February 12, 2016
Morning Edition had a good piece this morning on Senator Bernie Sanders’ proposal for a financial transactions tax (FTT). There are a couple of additional points worth making.
First, while the piece noted a wide range of estimates of the amount that could be raised through such a tax, we do have some real world experience. As was noted, the United Kingdom has had a transactions tax on stock trades since the 17th century. This tax raises an amount equal to roughly 0.2 percent of GDP, which would be $36 billion annually in the current U.S. economy or roughly $400 billion over a 10-year budget horizon. This tax applies only to stocks, which allows traders to avoid it through options and other derivative instruments.
By contrast, Japan had a more broadly based financial transaction, which it eliminated in the 1990s. At its peak in 1990, the tax raised more than 1.0 percent of GDP, which would be $180 billion in today’s economy or roughly $2 trillion over a 10-year budget horizon. These experiences should provide some basis for projecting how much a broadly based tax in the United States could raise.
The other issue, which was touched on in the piece, is who bears the cost of the tax. The piece suggested that the tax would be passed on to pension funds and individuals with retirement accounts. There is an important point here that may not have been clear. While it is likely that the tax will be passed on in the cost of individual trades, pension funds and individuals with retirement accounts care about the total cost of trading, not the cost of individual trades.

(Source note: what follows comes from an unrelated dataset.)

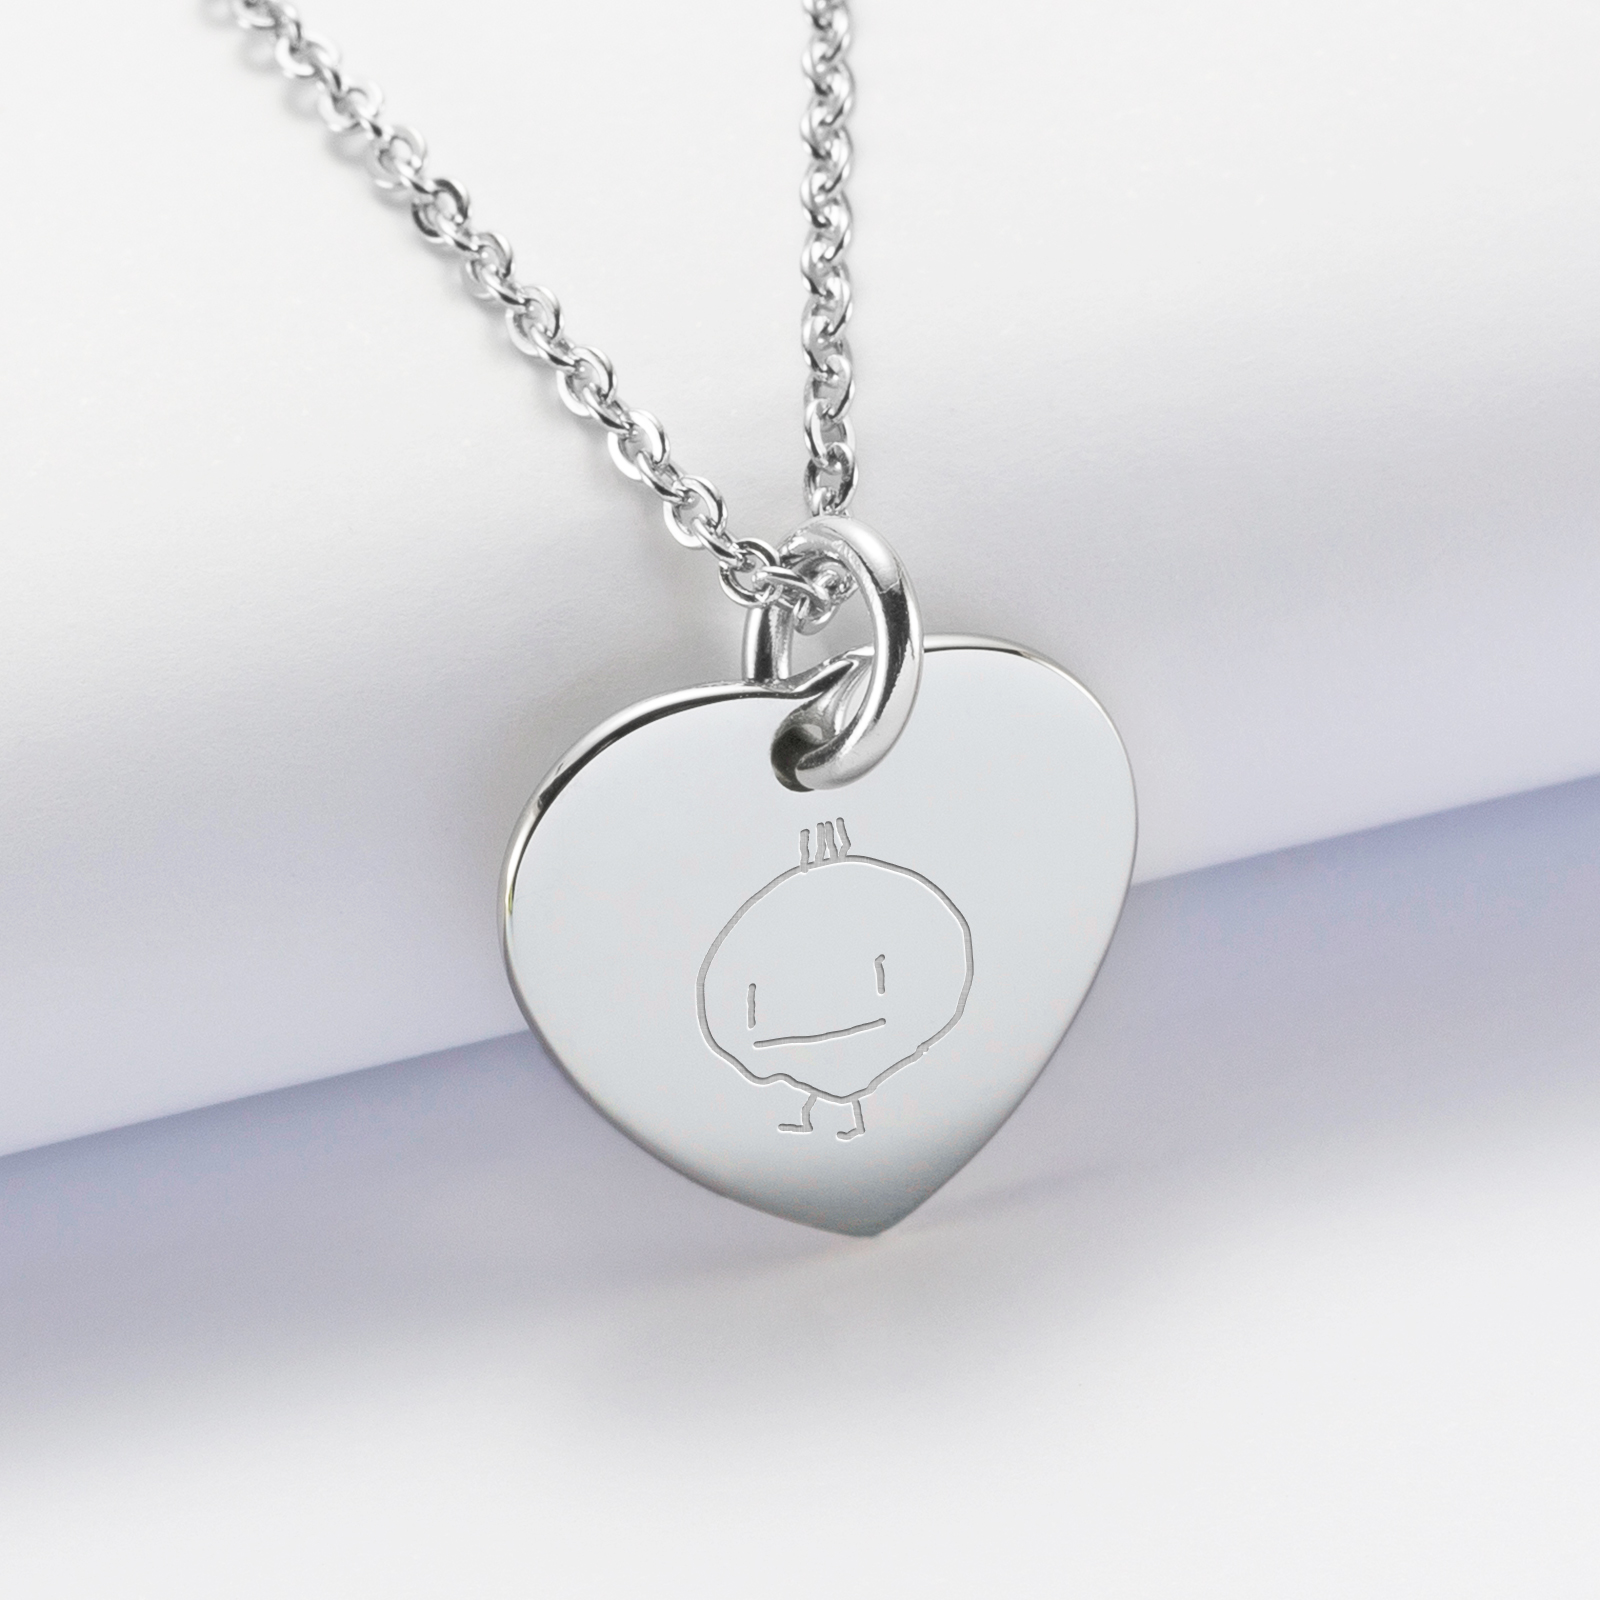 Personalised engraved steel heart medallion pendant 20x18mm - sketch
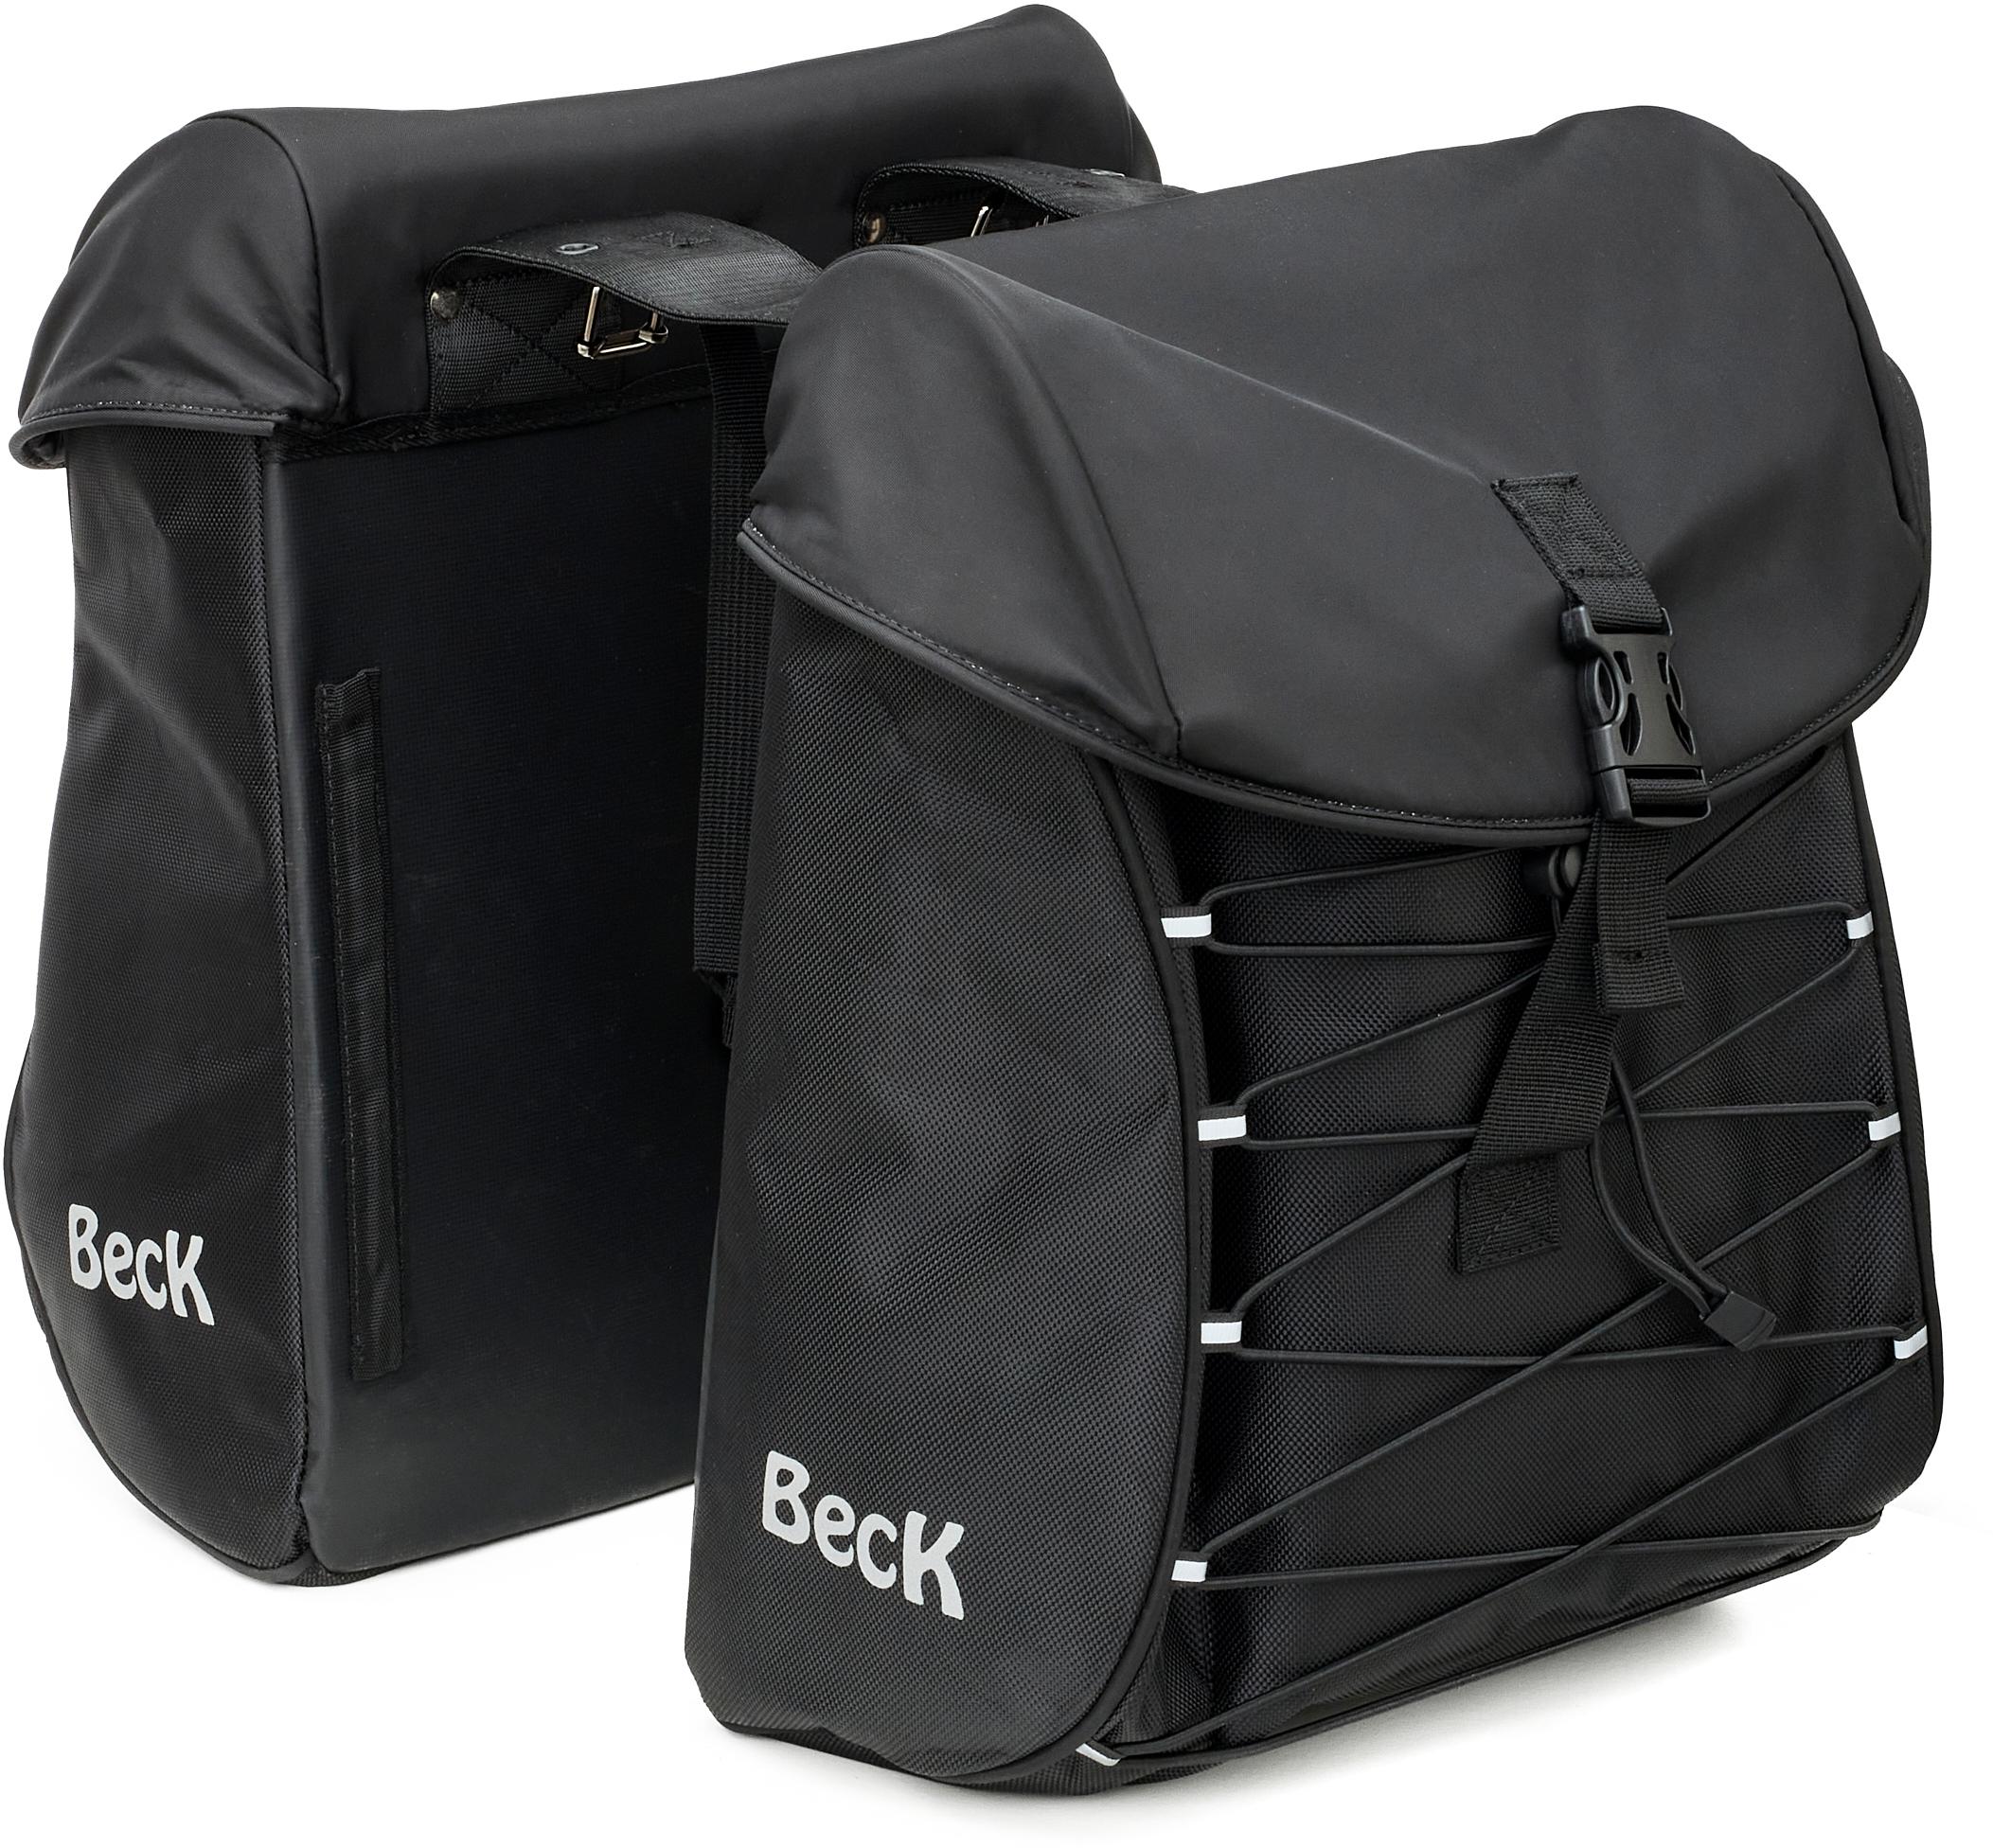 Beck S.Tar Double Pannier Bag Black

This matters, because everyone agrees that there will be a large reduction in trading volume in response to the tax. If the percentage reduction in trading volume is larger than the percentage increase in trade costs due to the tax, people would actually be paying less money for their trading after the tax was imposed than before the tax. For example, if the tax raised trading costs by 25 percent, but trading volume falls by 30 percent, then people will be spending less in total on trading each year.
In that case, the financial industry bears the full burden of the tax in the form of reduced revenue from savers. This effectively is the assumption in the Tax Policy Center’s analysis of the impact of the tax, where they assumed that trading volume would fall by 1.5 times the increase in trading costs due to the tax.
In this case, there is only a cost to anyone outside the industry if the reduced trading volume somehow leads to a less well-functioning economy. In other words, the question is if we believe that reducing trading volume to its levels of 20 or 25 years ago would lead to a worse allocation of capital and more bad investment decisions by firms.
That seems implausible, but this is what those who argue a FTT would hurt the economy have to claim. If in fact, most trades are a zero sum game (one person profits by the trade, the other one loses) then the economy will not suffer from a reduction in trading volume. In that case, only the financial industry will be hurt by an FTT. The tax will effectively reallocate resources to more productive sectors of the economy.